Abstract

Although surgery in selected small-cell lung cancer (SCLC) patients has been proposed as a part of multimodality therapy, so far, the prognostic impact of node-spreading pattern has not been fully elucidated. To investigate this issue, a retrospective analysis was performed. From 01/1996 to 12/2012, clinico-pathological, surgical, and oncological features were retrospectively reviewed in a multicentric cohort of 154 surgically treated SCLC patients. A multivariate Cox proportional hazard model was developed using stepwise regression, in order to identify independent outcome predictors. Overall (OS), cancer-specific (CSS), and Relapse-free survival (RFS) were calculated by Kaplan-Meier method.
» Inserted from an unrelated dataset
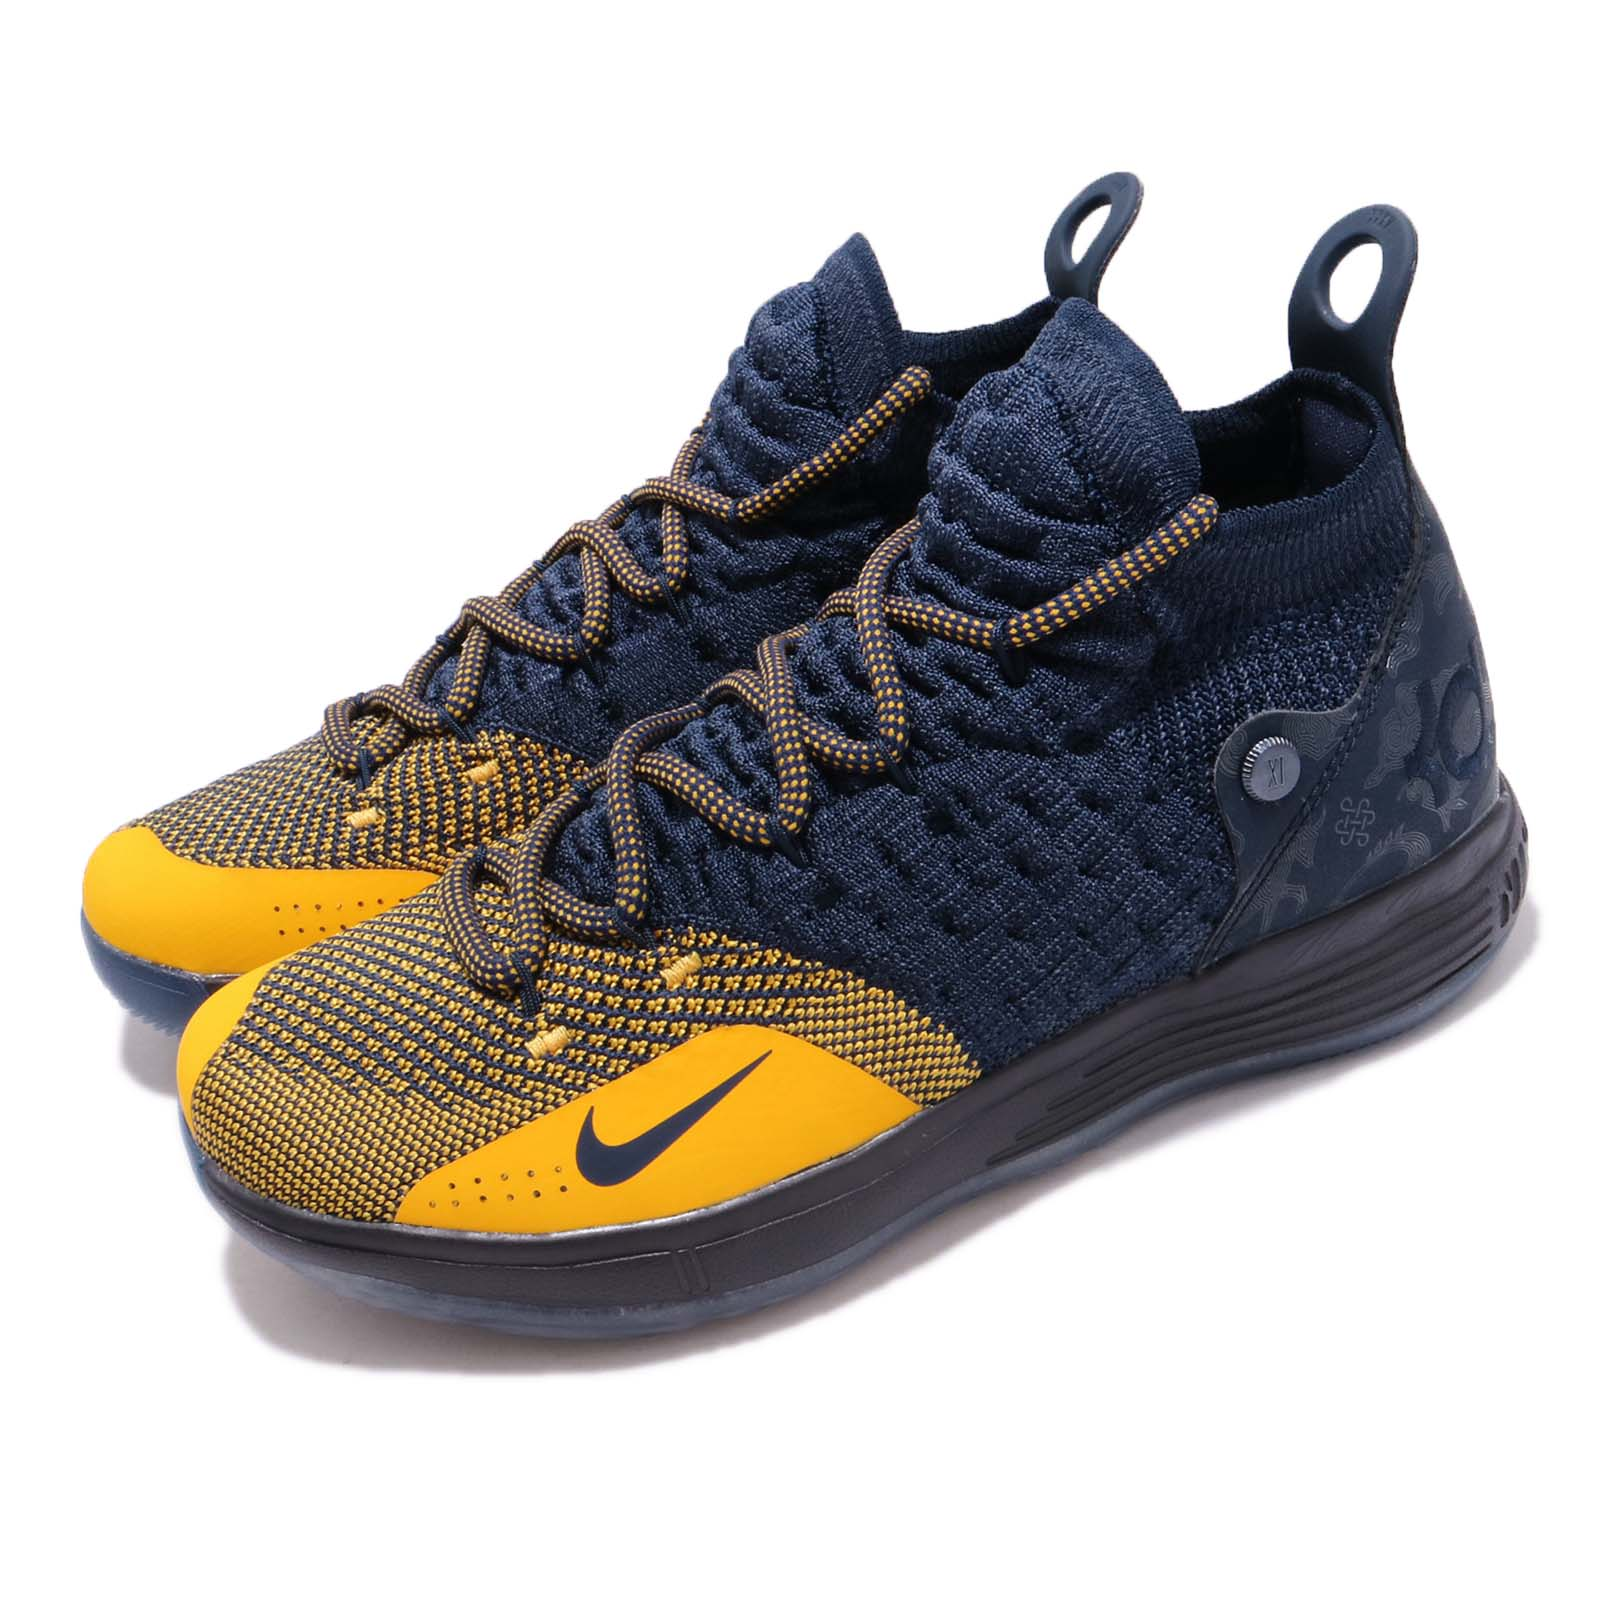 Nike 籃球鞋 KD 11 襪套 運動 女鞋 AH3465-400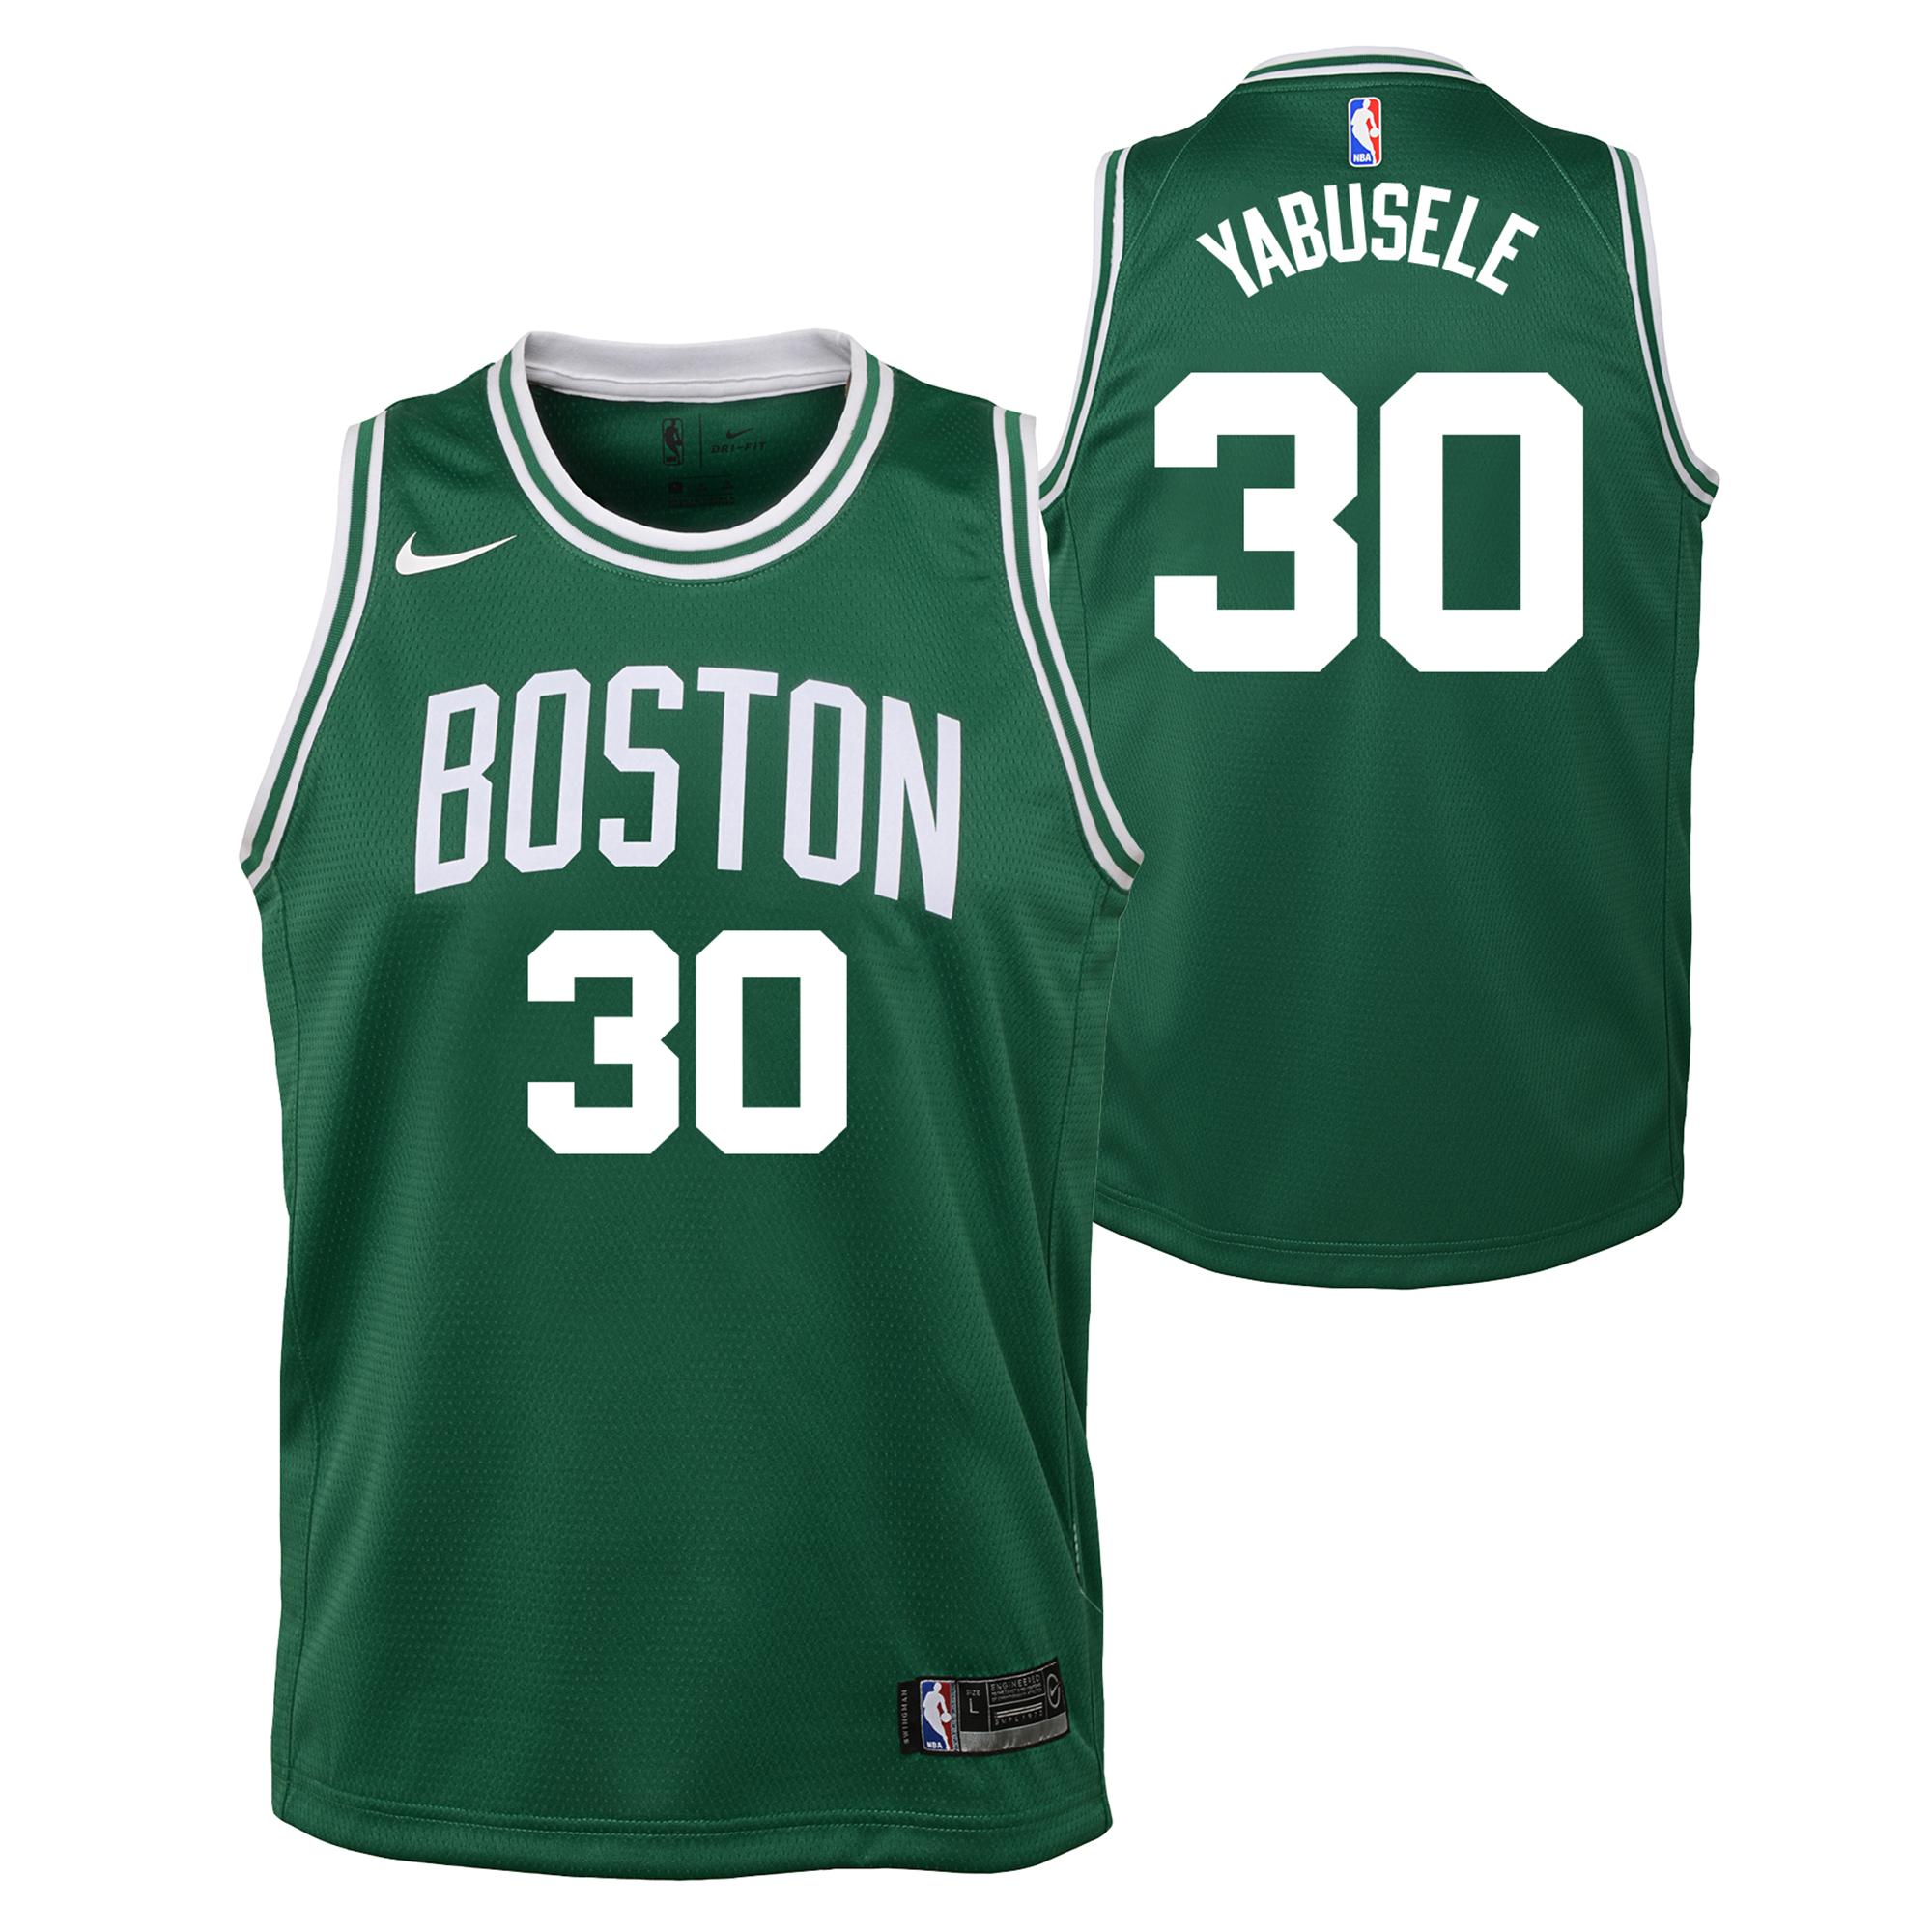 """Boston Celtics Nike Icon Swingman Jersey - Guerschon Yabusele - Youth"""

Overall, median OS, CSS, and RFS were 29 (95% CI 18-39), 48 (95% CI 19-78), and 22 (95% CI 17-27) months, respectively. Lymphadenectomy was performed in 140 (90.9%) patients (median number of harvested nodes: 11.5). Sixty-seven (47.9%) pN0-cases experienced the best long-term survival (CSS: 71, RFS: 62months; p<0.0001). Among node-positive patients, no prognostic differences were found between pN1 and pN2 involvement (CSS: 22 vs. 15, and RFS: 14 vs. 10months, respectively; p=0.99). By splitting node-positive SCLC according to concurrent N1-invasion, N0N2-patients showed a worse CSS compared to those cases with combined N1N2-involvement (N0N2: 8months vs. N1N2: 22months; p=0.04). On the other hand, the number of metastatic stations (p=0.80) and the specific node-level (p=0.85) did not affect CSS. At multivariate analysis, pN+ (HR: 3.05, 95% CI 1.21-7.67, p=0.02) and ratio between metastatic and resected lymph-nodes (RL, HR: 1.02, 95% CI 1.00-1.04, p=0.03) were independent predictors of CSS. Moreover, node-positive patients (HR: 3.60, 95% CI 1.95-6.63, p<0.0001) with tumor size ≥5cm (HR: 1.85, 95% CI 0.88-3.88, p=0.10) experienced a worse RFS. In selected surgically treated SCLC, the long-term survival may be stratified according to the node-spreading pattern.